On one hand I find the Central issue tracker interesting : there is only one place to post, find and track them all. It is easier for the hoackers to track them. On the other hand, it can be a little messy as there are so many domains in Hoa that people who follow one subject will see issues of all subjects. See Symfony issue where there are so many issues from different part of the project… It is quite difficult to get into it.


#10

Totally agree with the proposal. However Central must have a custom README which explain his new goal.


#11

Exactly.

Central will not be the only place for all issues. It will continue as it is now, i.e. for issues that are “cross-libraries” (like RFC).


#12

Thank you for your replies. Everyone seems happy with this decision. Let’s move forward, it’s time to elaborate a plan.

Ensure Pikacode and Gitlab pull from Github

We must ensure that each library has an automatic mirror to Pikacode and Gitlab.

Install Bors

First, we need to install Bors on all our repositories. Once it’s done, we will no longer merge by hand. That’s the ultimate goal.

Disable Bhoat

To disable Bhoat, we have to replace its features.

bhoat library-into-central, aka clear Central

We must remove all the Hoa and Hoathis directories. We must clean the Extra directory but some part are used on the server-side: central.hoa-project.net. The /Resource/ API must be kept, but updated to remove the redirection to git.hoa-project.net.

bhoat irc, aka replace Bhoat notifications

Bhoat notifies us about Git repositories activities. I think Github can provide the same level of notifications. We have to configure all repositories by hand though…

bhoat archive, aka generate archives, tarballs…

Github already provides this. Nothing to do here.

bhoat data, aka activities for all repositories

I think it is possible to replace this with a GraphQL query that runs with a cron. I don’t think it is also really relevant to keep the “Activity" graph on the homepage (only place where these data are used), https://hoa-project.net/En/. What do you think?

bhoat data “simply” runs this command on Central:

$ git --git-dir=$working/.git log --all --date-order --since=2.month --format="%ct" \
    | sort -r \
    | xargs -n1 -I_ date -d "@_" "+%Y-%m-%d" \
    | uniq -c \
    | awk '{print $1,"\t",$2}' \
    | sed -e 's/ //g' >> $file

bhoat mirror, aka sync mirrors

Mirrors will pull automatically from Github, so nothing to do here.

Hooks

This discussion must be private. Bhoat have dozens of hooks fired by external events. We can’t discuss them publicly (yet?), but we have to address all of them. @ashgenesis, @pierozi, please ping me on IRC.

Deadline

Should we set a deadline? I think it’s a good idea. Who volunteers to help?


#13

I’ll be happy to help :smile:. Setting a deadline is a nice idea. I don’t realize how much time will be required to accomplish all these tasks… Maybe the end of march ?

To start here, I can help working on Gitlab / Pikacode to check mirrors, maybe I’ll need some permissions… What do you think @ashgenesis ?


#14

@shulard you should have enough right for now on pikacode to change mirrors url.


#15

Deal. Deadline is end of March. I’m adding a reminder in my calendar.


#16

I’ve migrated Pikacode mirrors URLs to use Github, and I’ll do the same for Gitlab before the end of the week.


#17

I guess almost everything is done now.

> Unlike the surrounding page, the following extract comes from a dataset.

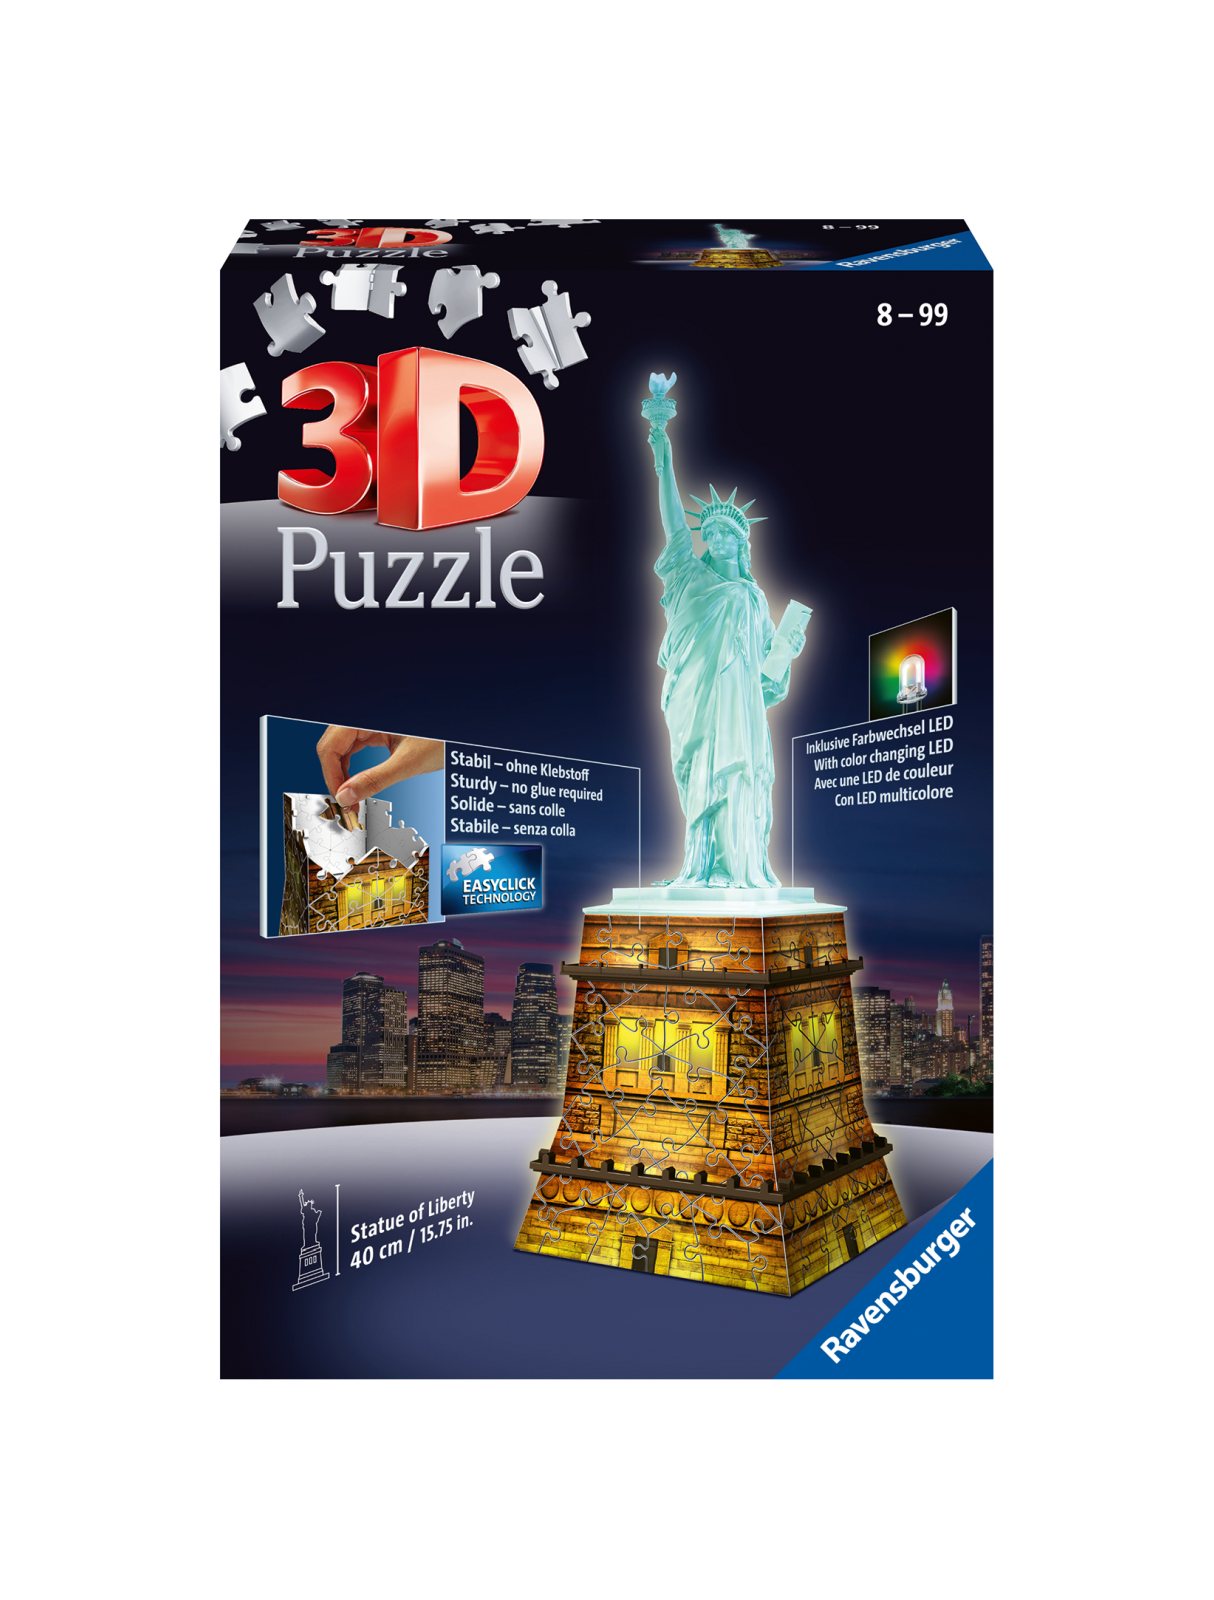 Ravensburger - 3d puzzle statua della liberta' night edition, londra, 216 pezzi, 10+ anni - RAVENSBURGER 3D PUZZLE

We need to verify a last time to be sure everything is ok and start to use github as main repository.

What about our gitolite do we keep it for now as backup ?


#18

Can you list what have been done exactly :-)? Thanks!


#19

Maybe I was too enthusiast it’s not yet finish. With @shulard we have configured all repositories to be a mirror from github on Gitlab and Pikacode. So now we can deactivate on Bhoat the mirroring.

We have the others part of Bhoat to handle and Bors to install.


#20

15 days before the deadline for this project :-).